Start of Data extract

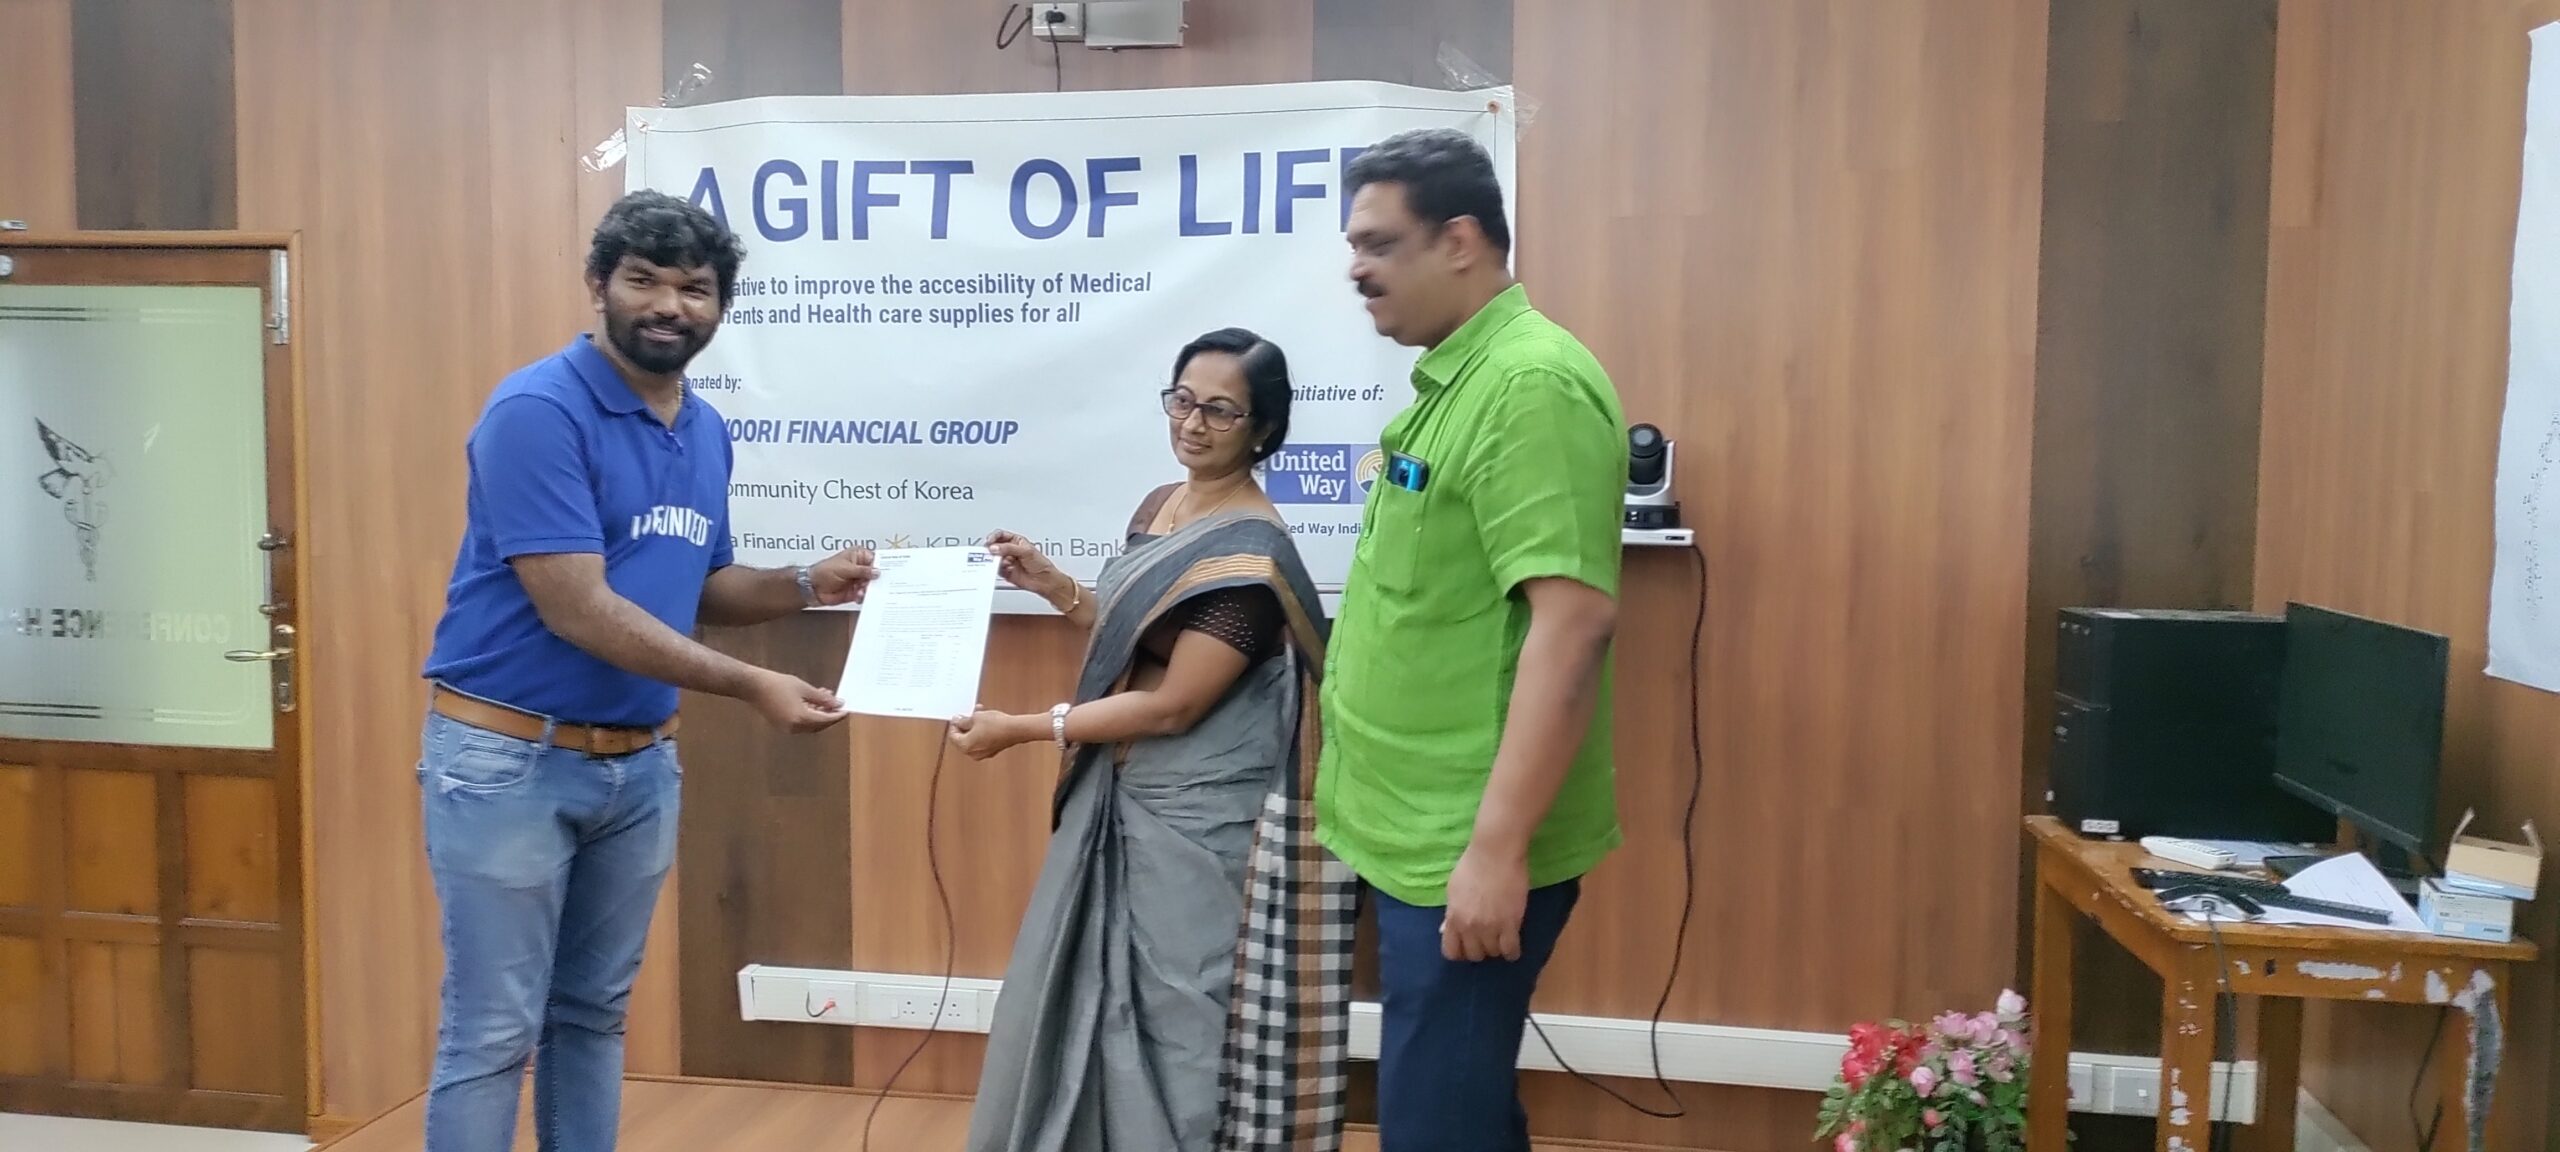 United Way India’s Gift of Life initiative, medical assistance to Public Health Institutions in Kerala.
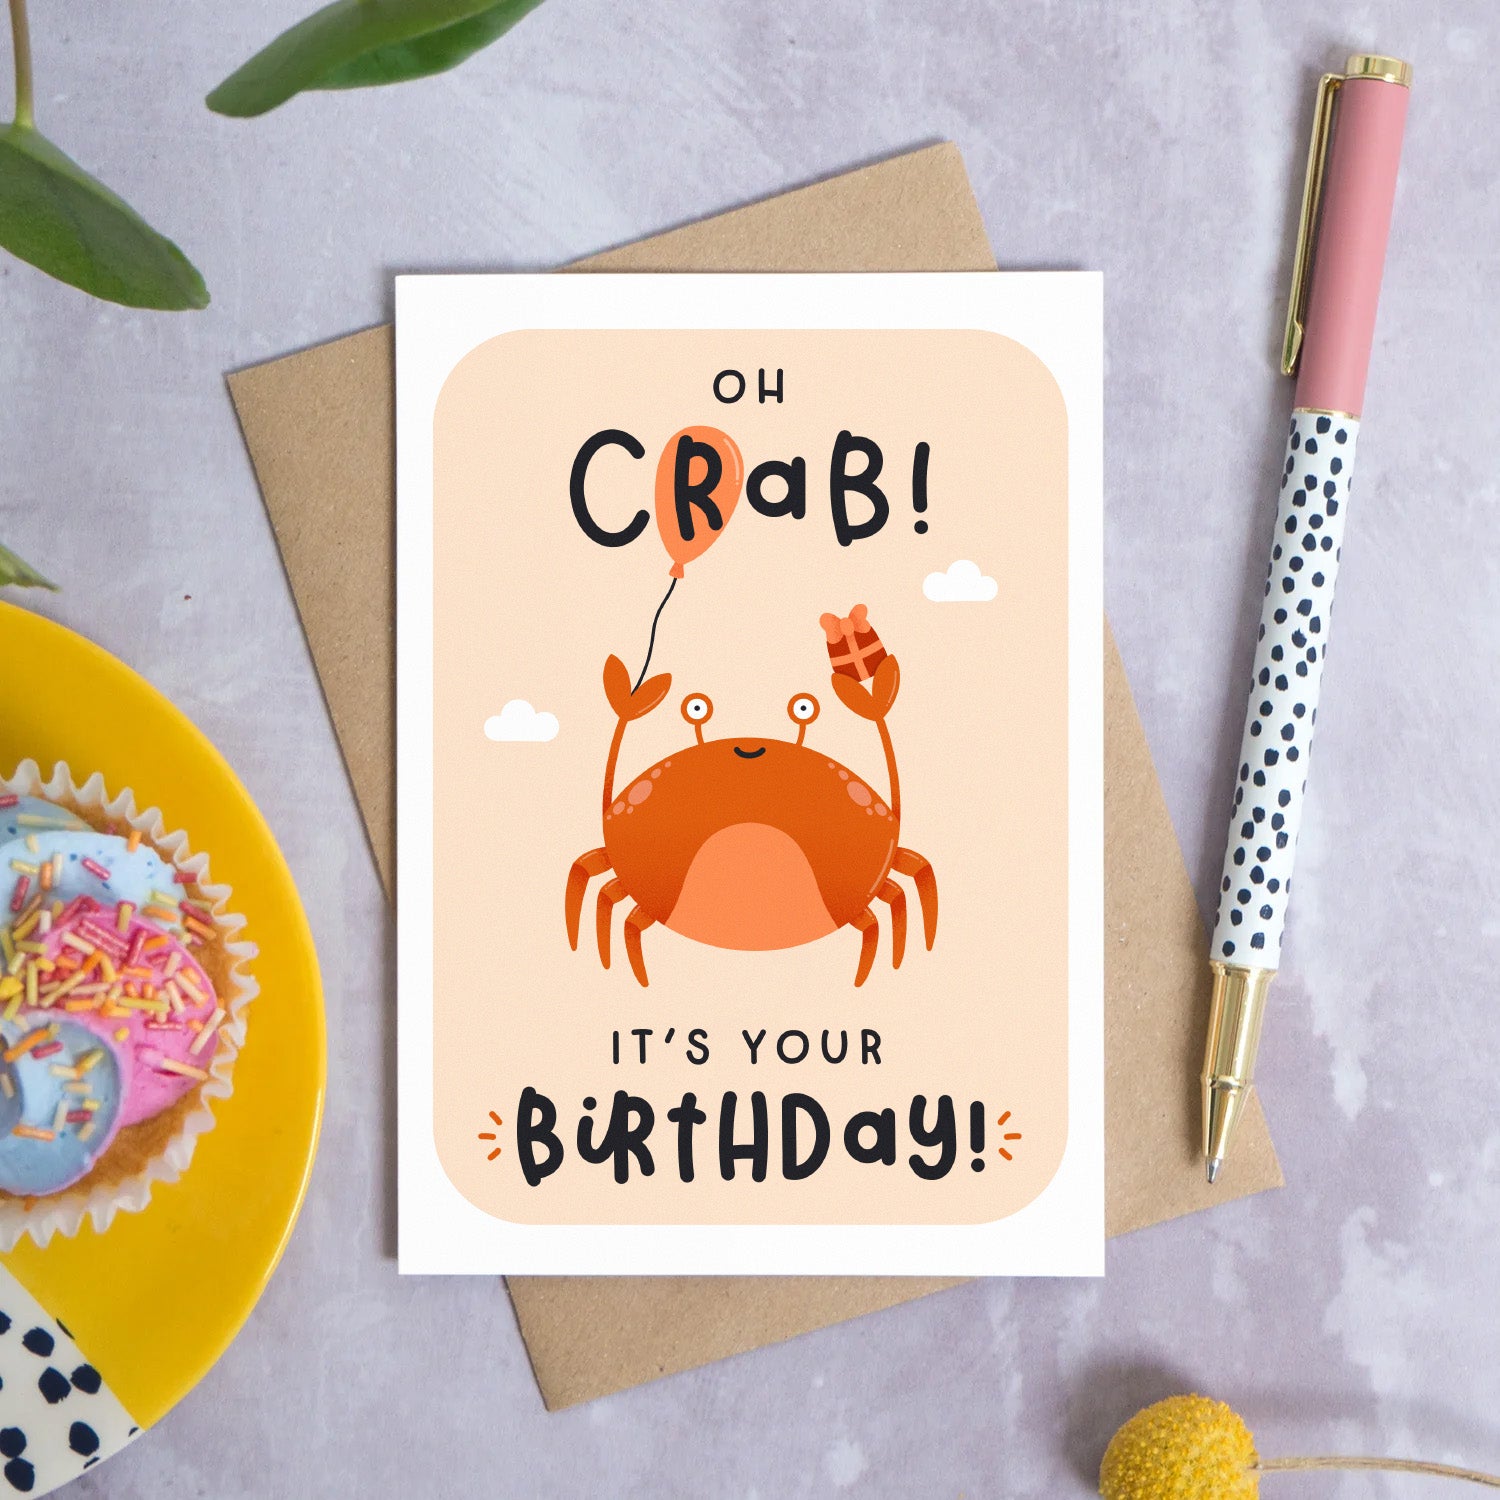 A birthday card featuring a crab holding a balloon and a present with the words ‘oh crab, it’s your birthday!’. The card is lying on a Kraft brown envelope on a grey surface. Surrounding the card are leaves, flowers, a pen and a cupcake on a plate.
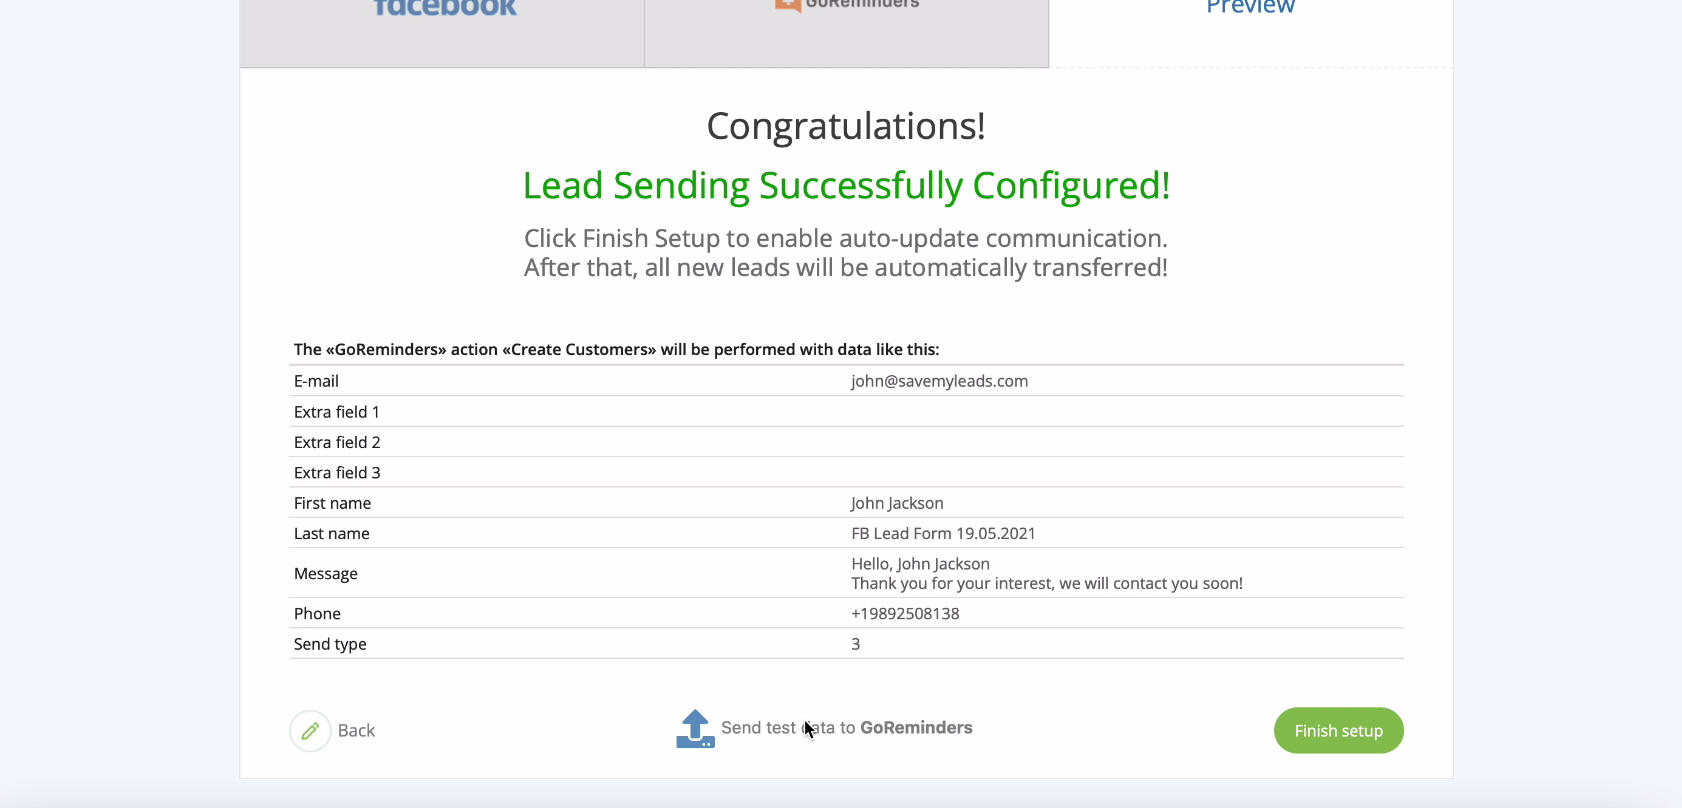 Facebook and GoReminders integration | Send test data to the mailing service

End of Data extract

*Exercise objective*:
All of the data is to be reproduced exactly, with the pictures left out.

*Output of the exercise*:
 United Way India’s Gift of Life initiative, medical assistance to Public Health Institutions in Kerala.
 A birthday card featuring a crab holding a balloon and a present with the words ‘oh crab, it’s your birthday!’. The card is lying on a Kraft brown envelope on a grey surface. Surrounding the card are leaves, flowers, a pen and a cupcake on a plate.
 Facebook and GoReminders integration | Send test data to the mailing service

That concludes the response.